Feature Engineering Utilities

utils.feature_engineering.calculate_distance(coord1: Tuple[float, float], coord2: Tuple[float, float]) float | None[source]

Compute geodesic distance in kilometers between two coordinate pairs.

Parameters:
  • coord1 (tuple of float) – First coordinate as (latitude, longitude).

  • coord2 (tuple of float) – Second coordinate as (latitude, longitude).

Returns:

Distance in kilometers, or None if calculation fails.

Return type:

float or None

utils.feature_engineering.calculate_experience_match_score(df: DataFrame) Series[source]

Calculate the normalized difference between candidate and required experience.

The function compares years of experience and returns a normalized score based on the range of values found in the dataset.

Parameters:

df (pandas.DataFrame) – DataFrame containing ‘Years Experience_int’ and ‘Years Experience.1_int’.

Returns:

A Series containing normalized experience difference scores.

Return type:

pandas.Series

utils.feature_engineering.calculate_professional_similarity_score(df: DataFrame) Series[source]

Calculate semantic similarity between candidate’s background and job description.

Compares sector and last role against job family and job title using sentence embeddings and cosine similarity.

Parameters:

df (pandas.DataFrame) – DataFrame with ‘Sector’, ‘Last Role’, ‘Job Family Hiring’, and ‘Job Title Hiring’.

Returns:

A Series of professional similarity scores.

Return type:

pandas.Series

utils.feature_engineering.calculate_salary_fit_score(df: DataFrame, is_expected: bool = True) Series[source]

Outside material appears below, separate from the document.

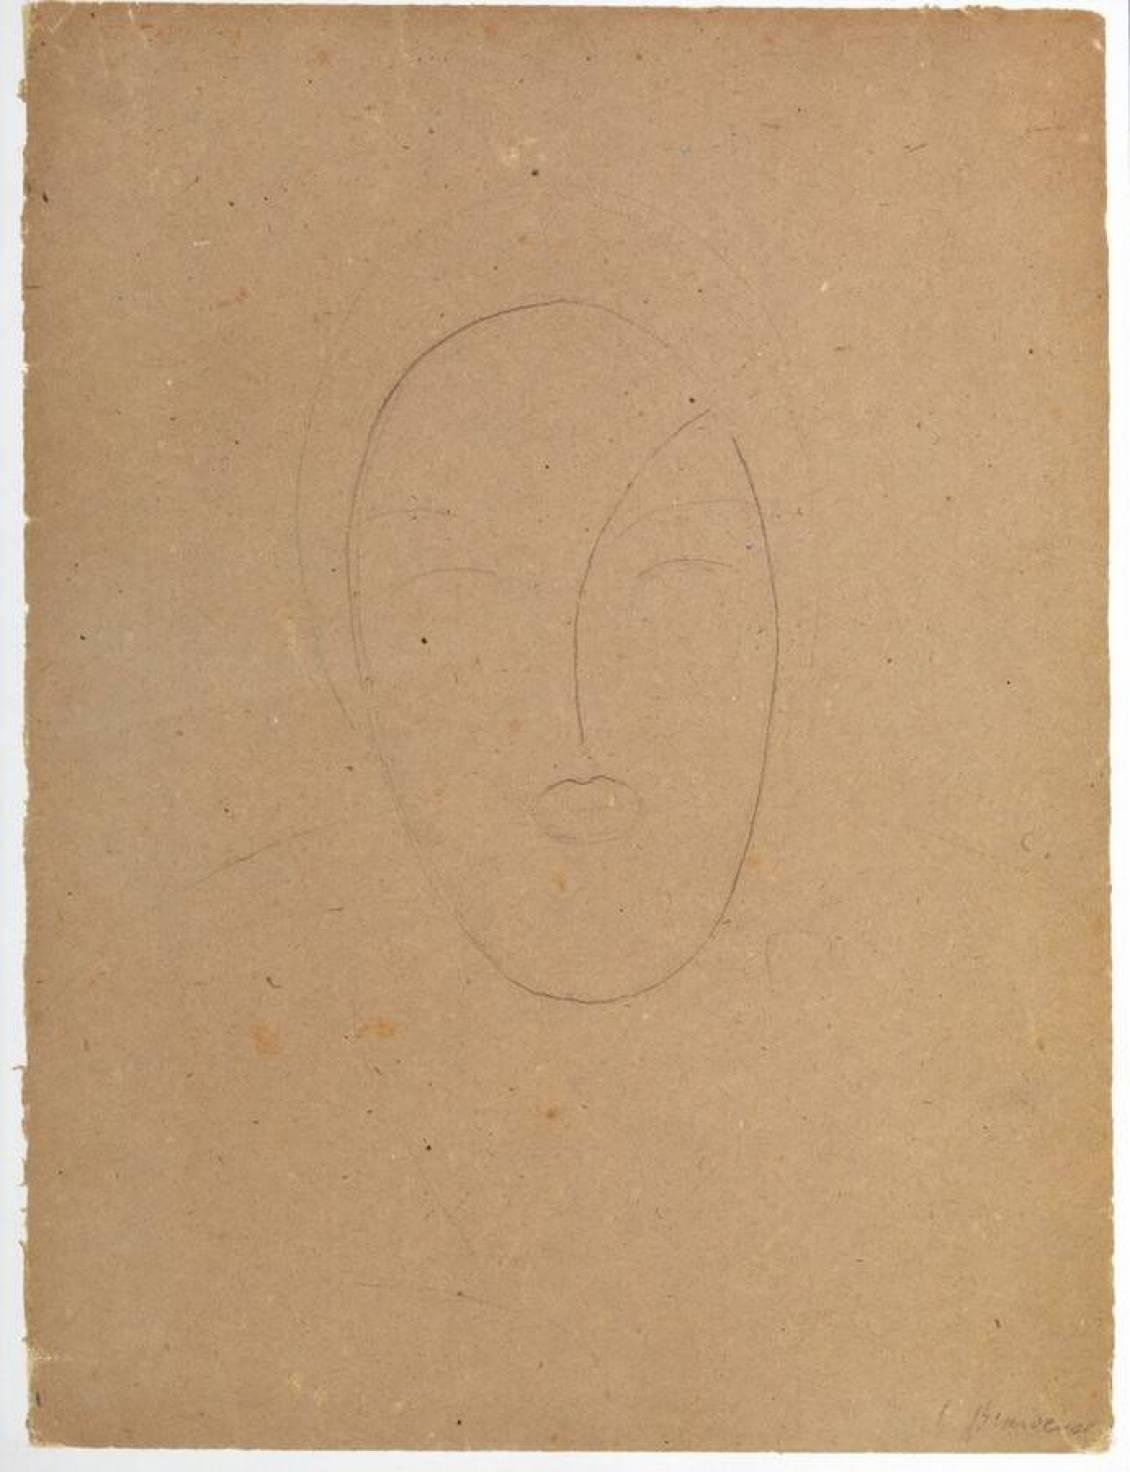 Constantin Brancusi, Head of a woman, circa 1909-1920

Calculate the salary fit score between a candidate’s salary and job’s salary range.

Returns 1.0 if candidate’s salary is within range; otherwise, returns a normalized score based on how far it is from the closest bound.

Parameters:
  • df (pandas.DataFrame) – DataFrame with salary information, including candidate and job salary columns.

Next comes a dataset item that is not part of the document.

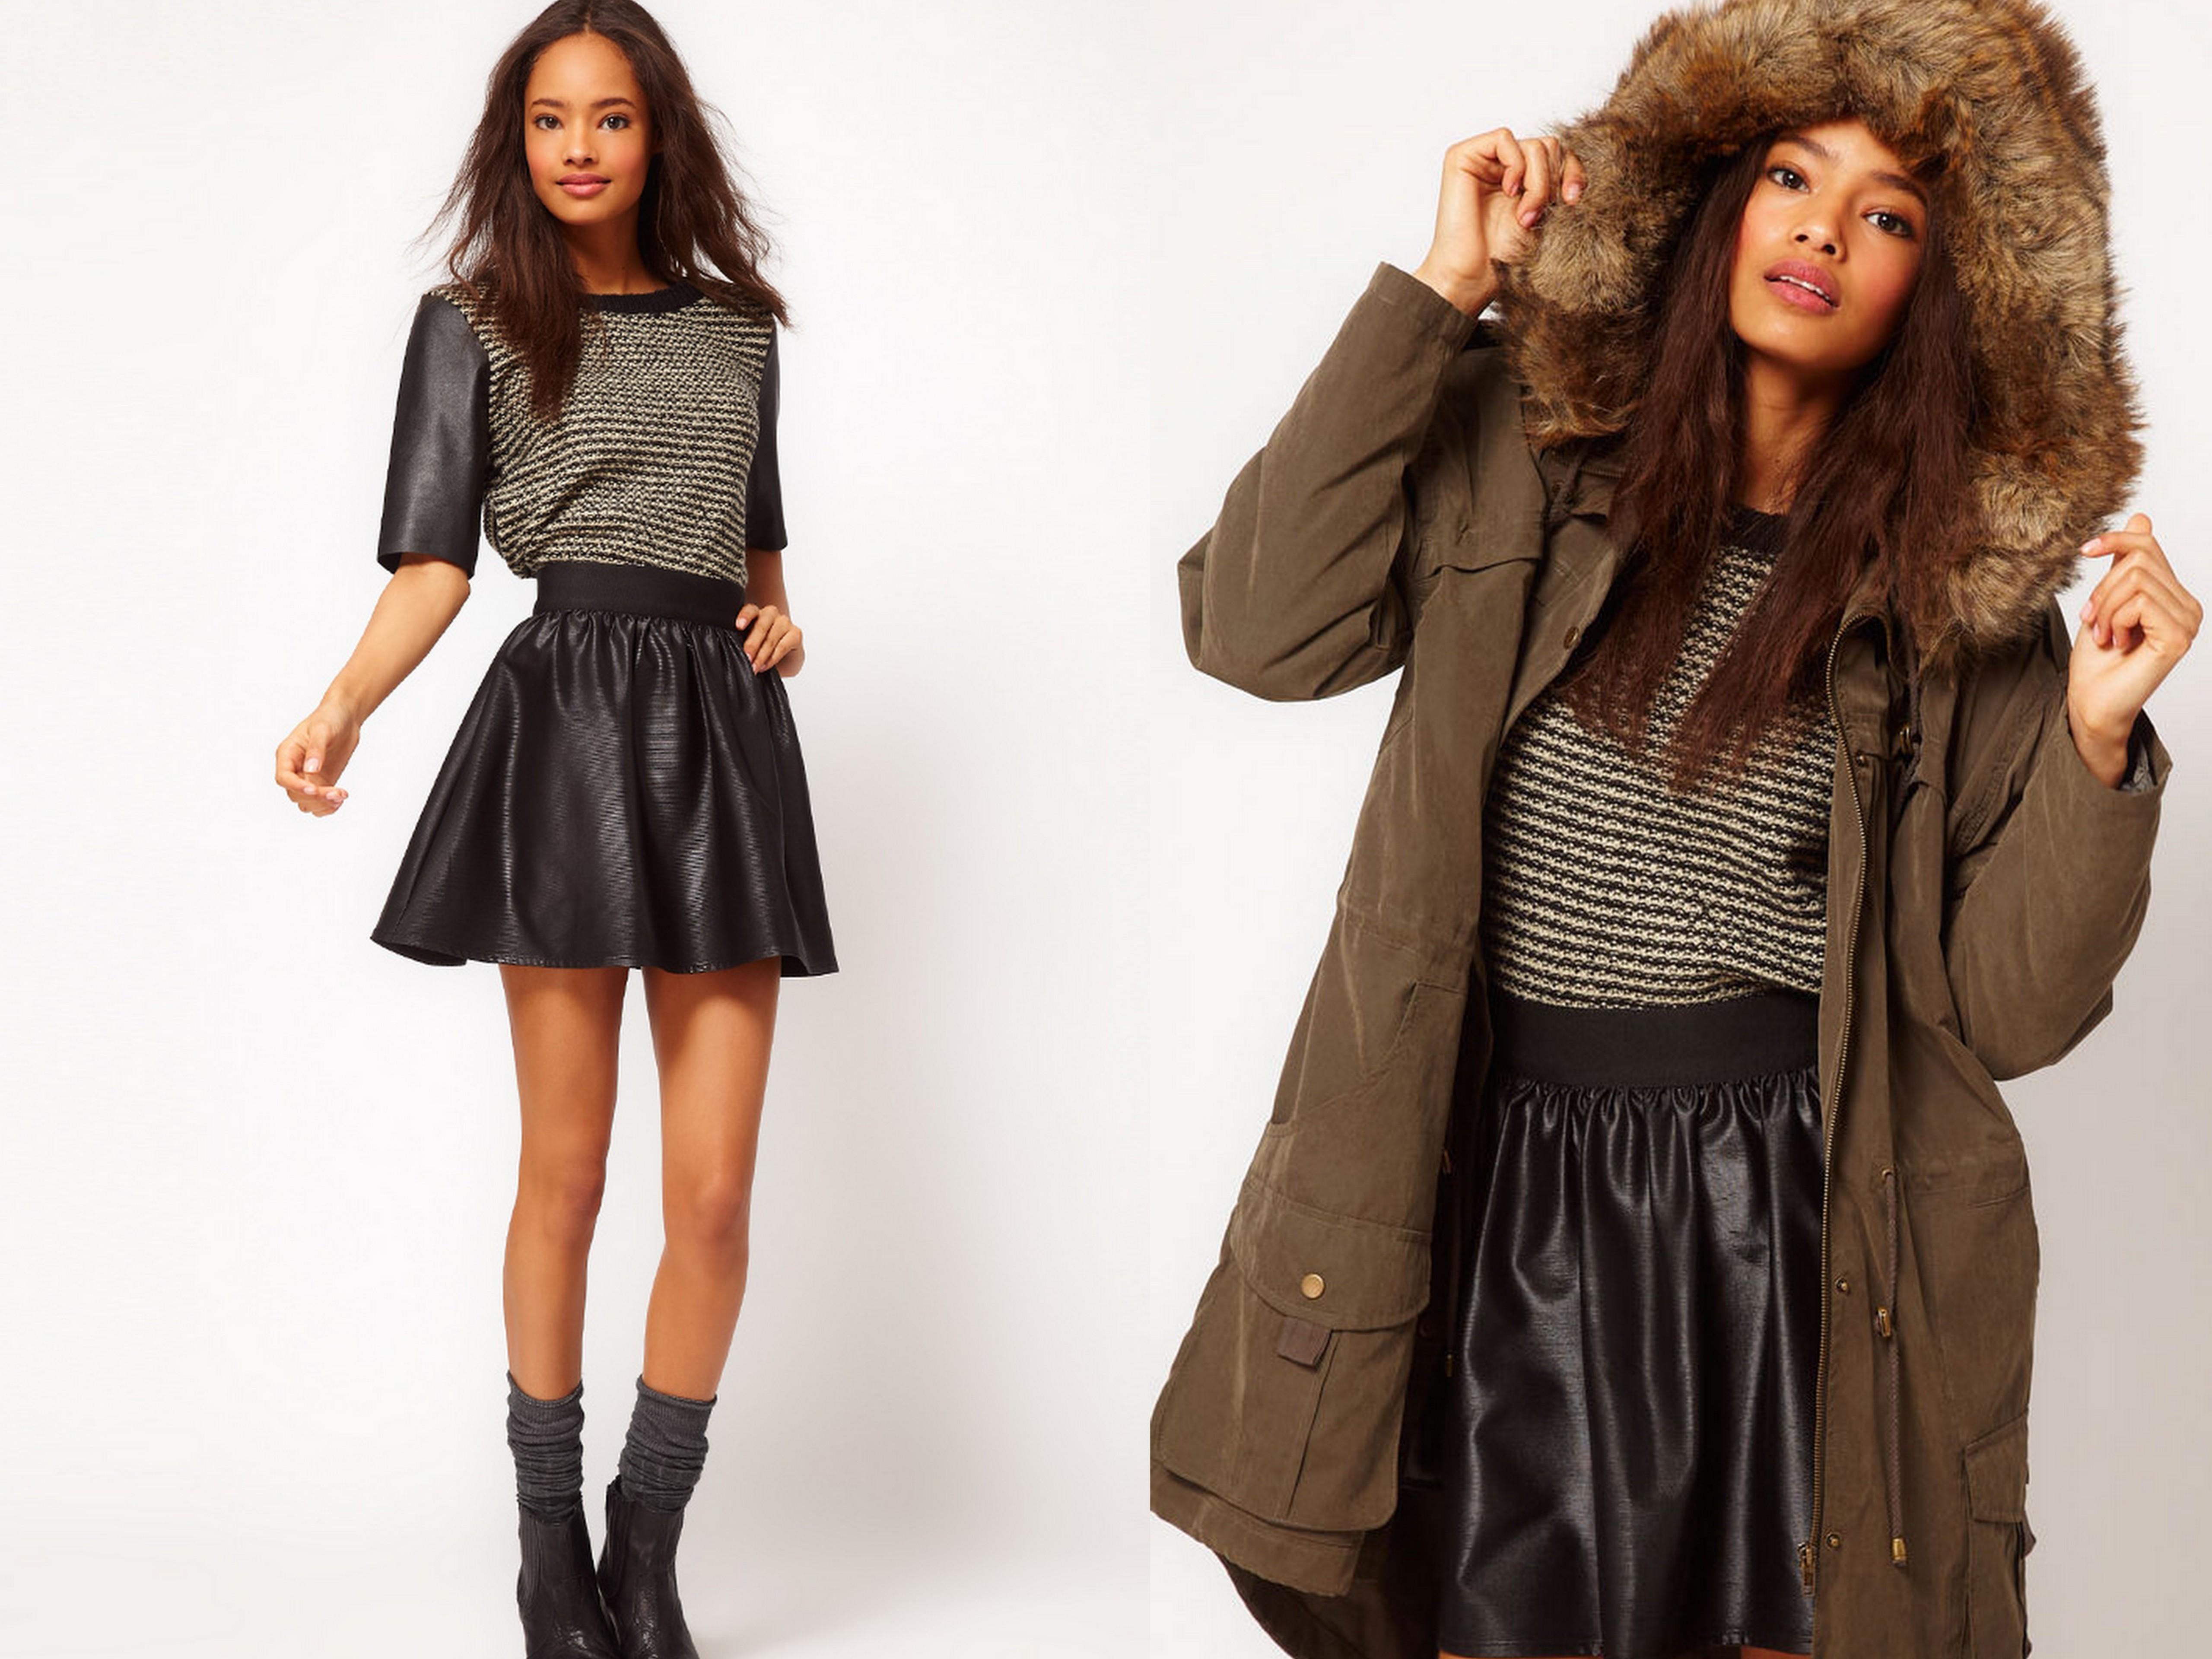 Descubre las últimas tendencias en moda de mujer en H&M. Compra ropa y accesorios de mujer y déjate inspirar por las últimas tendencias en moda.

  • is_expected (bool, optional) – If True, uses ‘Expected Ral’; if False, uses ‘Current Ral’. Default is True.

Returns:

A Series of salary fit scores.

Return type:

pandas.Series

utils.feature_engineering.calculate_study_area_score(df: DataFrame) Series[source]

Calculate semantic similarity between candidate and required study areas.

Uses sentence embeddings and cosine similarity to quantify alignment between study fields.

Parameters:

df (pandas.DataFrame) – DataFrame with ‘Study area’ and ‘Study Area.1’ columns.

Returns:

A Series of cosine similarity scores.

Return type:

pandas.Series

utils.feature_engineering.calculate_study_title_score(df: DataFrame) Series[source]

Calculate the normalized difference between candidate and required study levels.

This function maps education levels to a numerical ranking and computes the normalized difference between a candidate’s level and the job’s requirement.

Parameters:

df (pandas.DataFrame) – DataFrame containing ‘Study Title’ and ‘Study Level’ columns.

Returns:

A Series of normalized score differences between candidate and job study levels.

Return type:

pandas.Series

utils.feature_engineering.create_candidate_text(row: Series) str[source]

Create a text description summarizing a candidate’s profile.

Combines fields such as education, sector, last role, experience, and skills into a single formatted string.

Parameters:

row (pandas.Series) – A row from the candidate DataFrame.

Returns:

A text summary of the candidate.

Return type:

str

utils.feature_engineering.create_job_text(row: Series) str[source]

Create a text description summarizing a job posting.

Combines job title, department, job description, and requirements into a single formatted string for use in NLP models.

Parameters:

row (pandas.Series) – A row from the job DataFrame.

Returns:

A text summary of the job posting.

Return type:

str

utils.feature_engineering.prepare_nlp_text_columns(df: DataFrame) DataFrame[source]

Create candidate_text and job_text columns for NLP similarity calculations.

This function adds text summaries for both candidate and job profiles to the DataFrame.

Parameters:

df (pandas.DataFrame) – The input DataFrame with candidate and job information.

Returns:

DataFrame with added ‘candidate_text’ and ‘job_text’ columns.

Return type:

pandas.DataFrame